Nen: How does a number, an element of a language, exist prior to the conception of the language? In discovering the digits of pi or discovering that there is no largest prime number, you are discovering properties of the language which has been invented.

But the digits of pi, or the fact that there is no largest prime number, is independent of the properties of the language I am using. (Disregarding of course the semantic differences between pi expressed in base 10 and pi expressed in base 16). If I tie a string to a stake planted in the sand, stretch the string as far as it can go and draw a line, I end up with a circle. The ratio between the line drawn in the sand and the length in the string will exist whether or not I invent a language to describe it.

FriendRob: Goedel’s theorem tells us that any mathematical system has undecidable propositions- this includes systems that deal only with integers. In other words, there is some statement like “All prime numbers have the property that …” which is true for one definition of integers and false for some other definition, but where both definitions include the Peano postulates.
But some statements are true regardless of your definition of the integers. Or are you saying that one could come up with a definition of the integers in which there would be a largest prime number? I thought Goedel’s theorem said that some statements will be undecidable, but it did not follow that “for any statement X, one can invent a system in which statement X will be demonstrably false.”

Spiritus Mundi, we seem to have a different definition of mathematics. I use the term mathematics to include the methods or language we use to find facts about (e.g.) the natural numbers, but also the facts themselves, whereas you restrict mathematics to the first clause of my definition.
If I say “my observations show that there is a nova at position X in the sky”, what would be the proper relationship of that sentence with the word “astronomy”. Would you say “that is a fact that I proved using the methods of astronomy”? i.e. astronomy describes the constructs I use to find out facts about the universe?

That’s not the case. If one constructs a language to enumerate objects, the elements of that language, i.e., numbers, are not independent of the properties of the language. Consider the English language. The term “tree” is a name applied to vegetation meeting specific requirements. A linguistic analysis shows that the term in question is a noun. One can speak English without knowing what a noun is, much as one can be unaware of all of the digits of pi, but the elements of a language are defined by the language–they are not independent of it.

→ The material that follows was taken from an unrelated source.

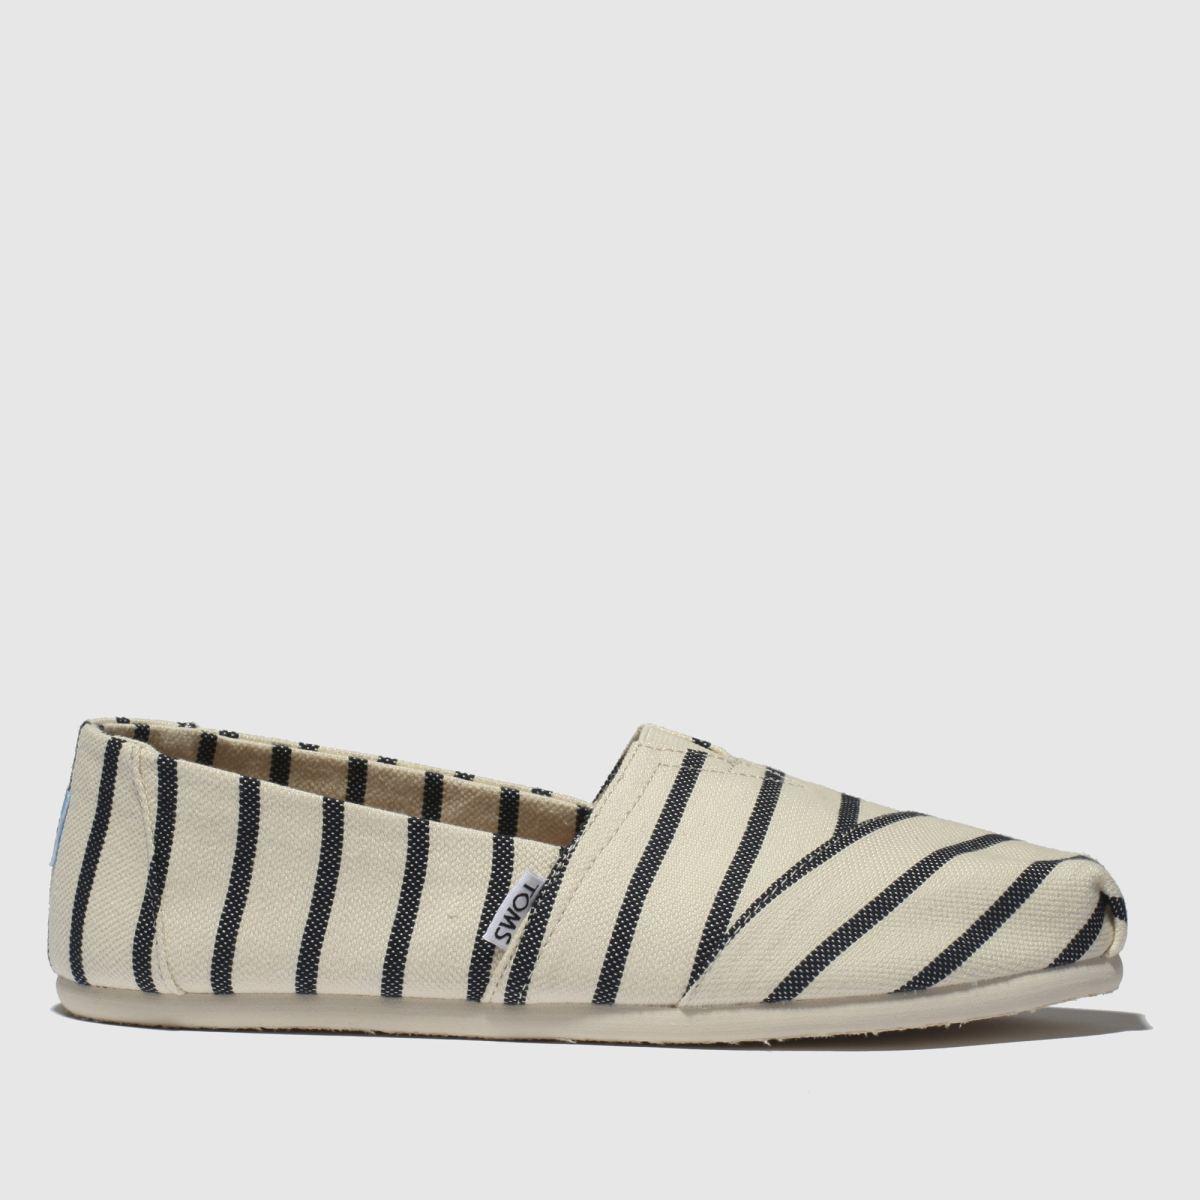 Toms White & Navy Alpargata Flat Shoes

Again, I disagree. The ratio of which you speak is not physical property. Physical properties of the scenario you describe displacement and mass. To describe how it appears one applies the term “circle.” The name “circle” does not exist without language, nor does the term “ratio” or it’s value. These terms are elements of the construct. An element of the construct cannot exist without the invention of the construct. If you disagree, can show me a ratio without language, mathematical or otherwise?